Staff Writer

Array Biopharma Inc.'s Phase II flameout with ARRY-162 in rheumatoid arthritis means the company will quit pumping its own cash into the inflammation program, but a would-be partner might restart the push, as work with the small-molecule MEK inhibitor in cancer goes on.

CEO Robert E. Conway told investors during a conference call that Array may split indications with collaborators, since the dose would be much higher for cancer patients, but he added that it's unclear whether the RA effort would generate much interest now.

Kevin Koch, the company's chief scientific officer, noted that the latest outcome likely will make RA more of a challenge. Any partner would need to gather data "beyond signs and symptoms and work with the FDA to look at imaging response," he said. "I'm not saying [it's] difficult, but a more complex trial to run. The pre-TNF population is probably not viable at this point."

Response rates seemed encouraging overall. The drug given at 10 mg twice daily garnered a 60.4 percent ACR20 response rate at 12 weeks, and 20 mg at the same frequency gained 54 percent, while 40 mg given four times per day hit a rate of 61.2 percent. Anti-TNF drugs tend to give patients an ACR20 score in the range of mid-60 percent.

Still, the endpoint was missed, and Boulder, Colo.-based Array's shares (NASDAQ:ARRY) fell 23 percent Friday to close at $2.90, down 88 cents on word that preliminary data showed no treatment group in the 201-patient trial with ARRY-162 hit statistical significance in the ACR20 response rate.

The study included three dose groups and a placebo arm, testing patients not completely responsive to methotrexate. The overall placebo change was a 46.9 percent rise in the ACR20 response rate. In Eastern Europe, the number was 34.6 percent. But in South America, which enrolled 99 patients, placebo pulled 60.9 percent - a number that Christopher Raymond, analyst with Robert W. Baird & Co., called "shocking."

How the trial was conducted in South America may have had something to do with the huge difference, Raymond told BioWorld Today. "We don't have any of the details, but one that's telling is Array is giving up on the product [in RA]," he said.

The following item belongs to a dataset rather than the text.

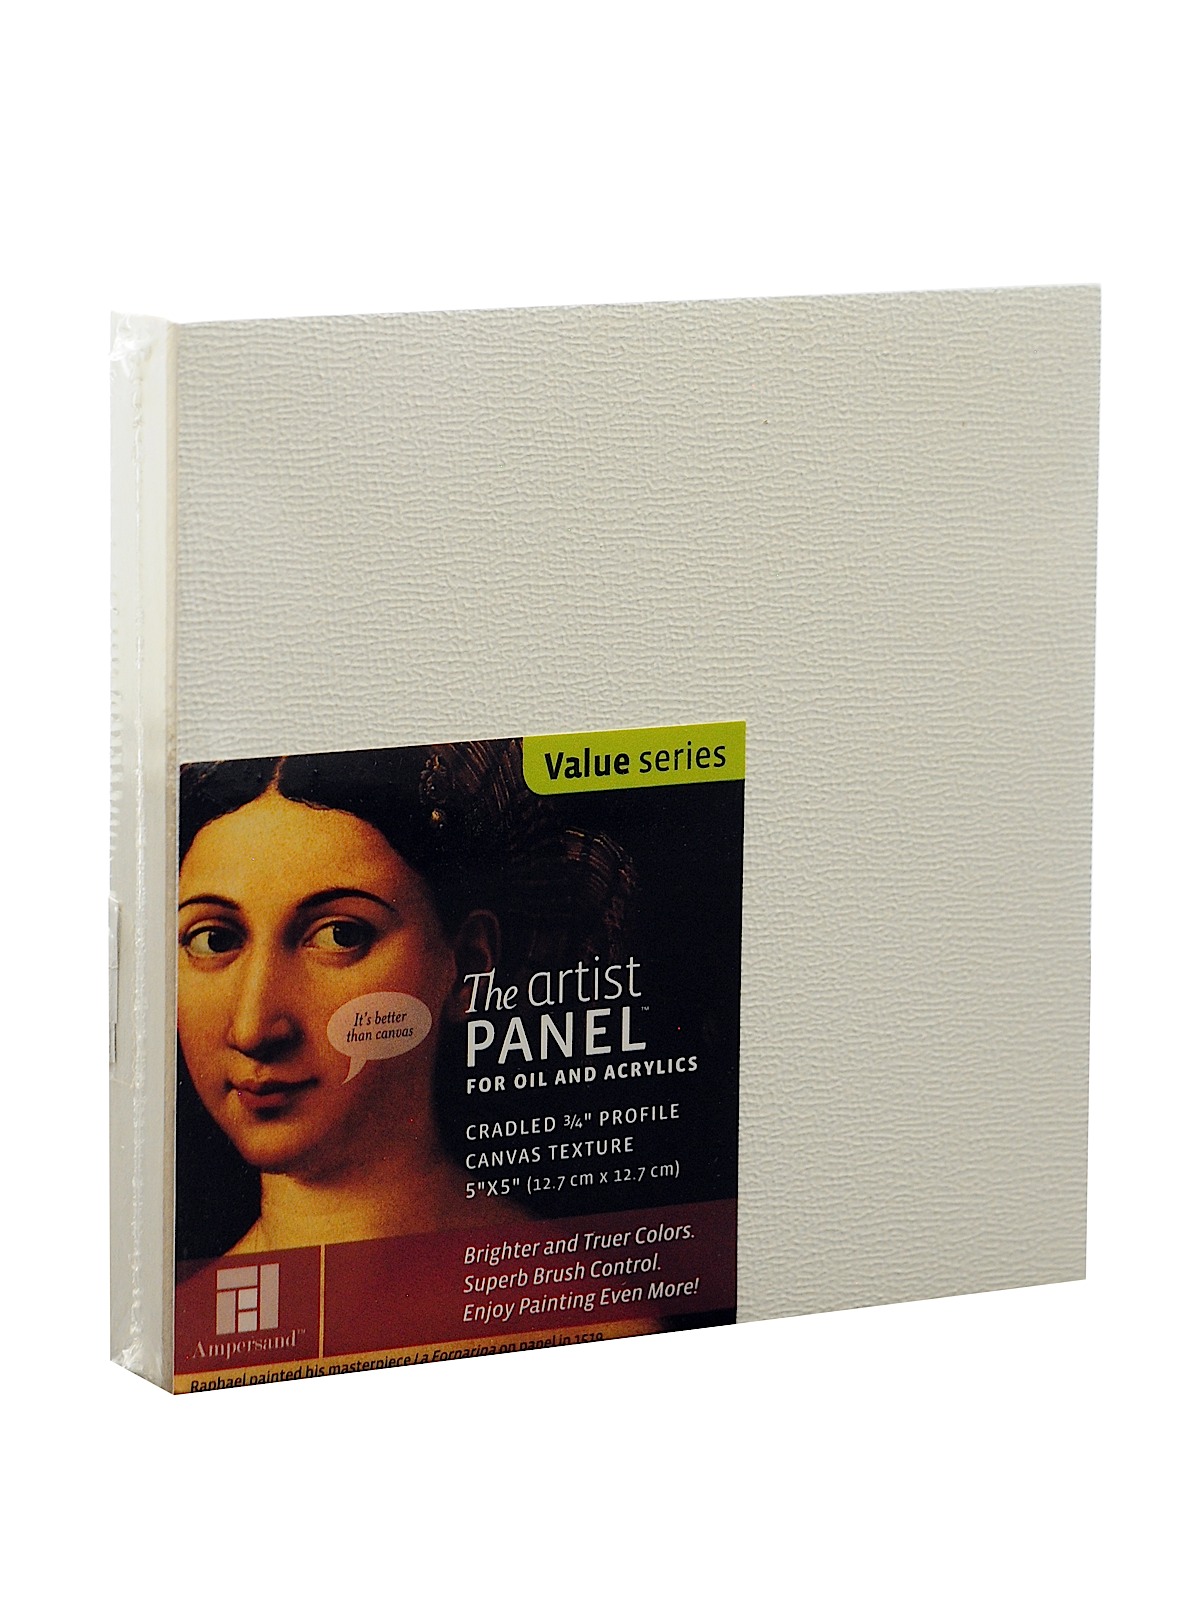 The Artist Panel Canvas Texture Cradled Profile 5 In. X 5 In. 3 4 In.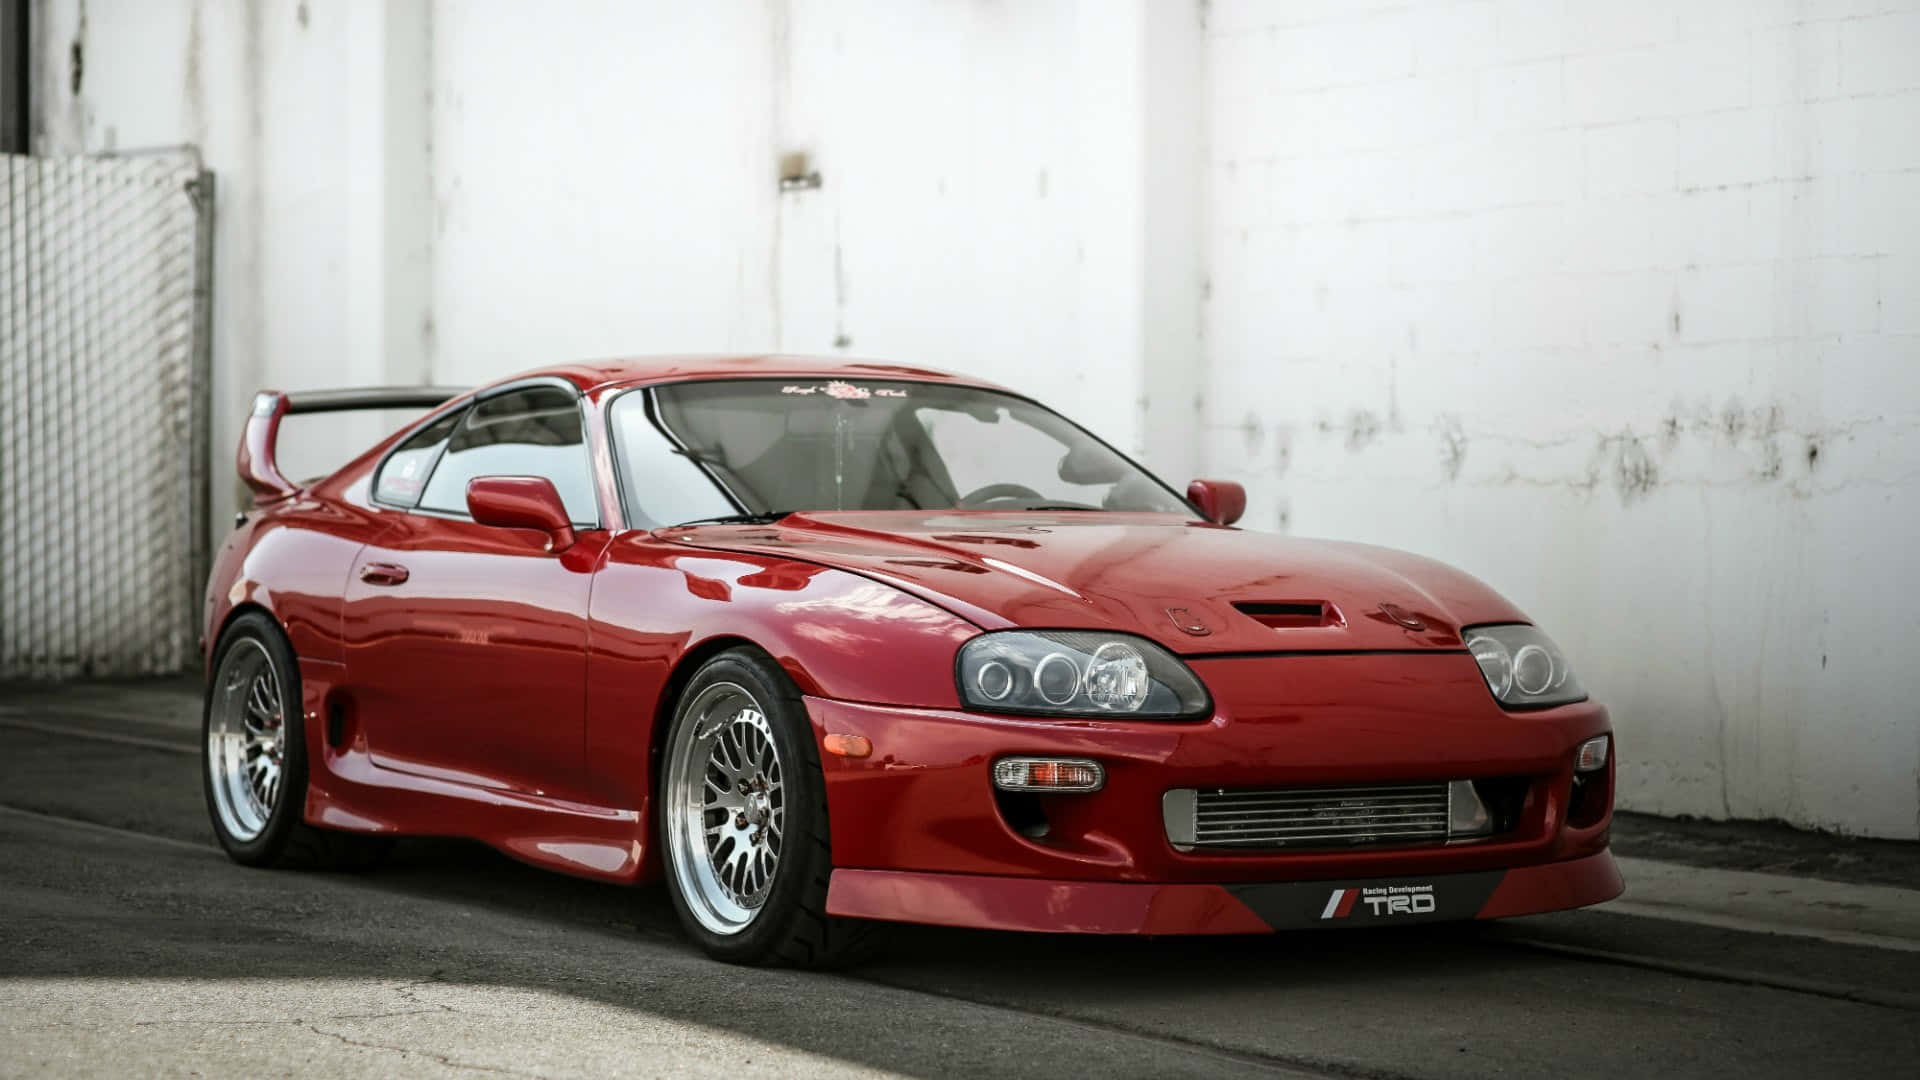 Stunning Supra in Action

Eastern Europe, with 101 patients, showed at least a trend toward efficacy as measured by DAS28-4 (p = 0.067), "good" EULAR response (p = 0.105) and ACR20 response rate (p = 0.115). Array plans to offer full results from the trial at a medical conference though probably will not have the assembled data in time for the American College of Rheumatology meeting, slated for late October in Philadelphia, Conway said.

Koch pointed out that ACR scores in the treatment arms were "still heading down at week 12, so there is a significant onset effect with this mechanism." But the jury is still out regarding whether there's "any need or any desire to move this into another RA trial." In any case, Conway said, Array won't be paying for it.

In mid-July, the company filed an investigational new drug application with the FDA to begin a Phase I trial in cancer.

The campaign with MEK inhibitors so far has yielded partnerships for ARRY-886 and ARRY-704, both the subject of a tie-up with London-based AstraZeneca plc. ARRY-886, dubbed AZD6244, has reached Phase II trials. Separate collaborations in other areas exist with South San Francisco-based Genentech Inc. (now Roche), Celgene Corp., of Summit, N.J., and InterMune Inc., of Brisbane, Calif.

Last month, Array disclosed positive top-line data from a Phase I, single ascending-dose study with ARRY-403, a small-molecule glucokinase activator, in Type II diabetes. Multiple ascending-dose data are due later this year, which could prompt an early out-licensing deal, in the view of Piper Jaffray analyst Edward A. Tenthoff.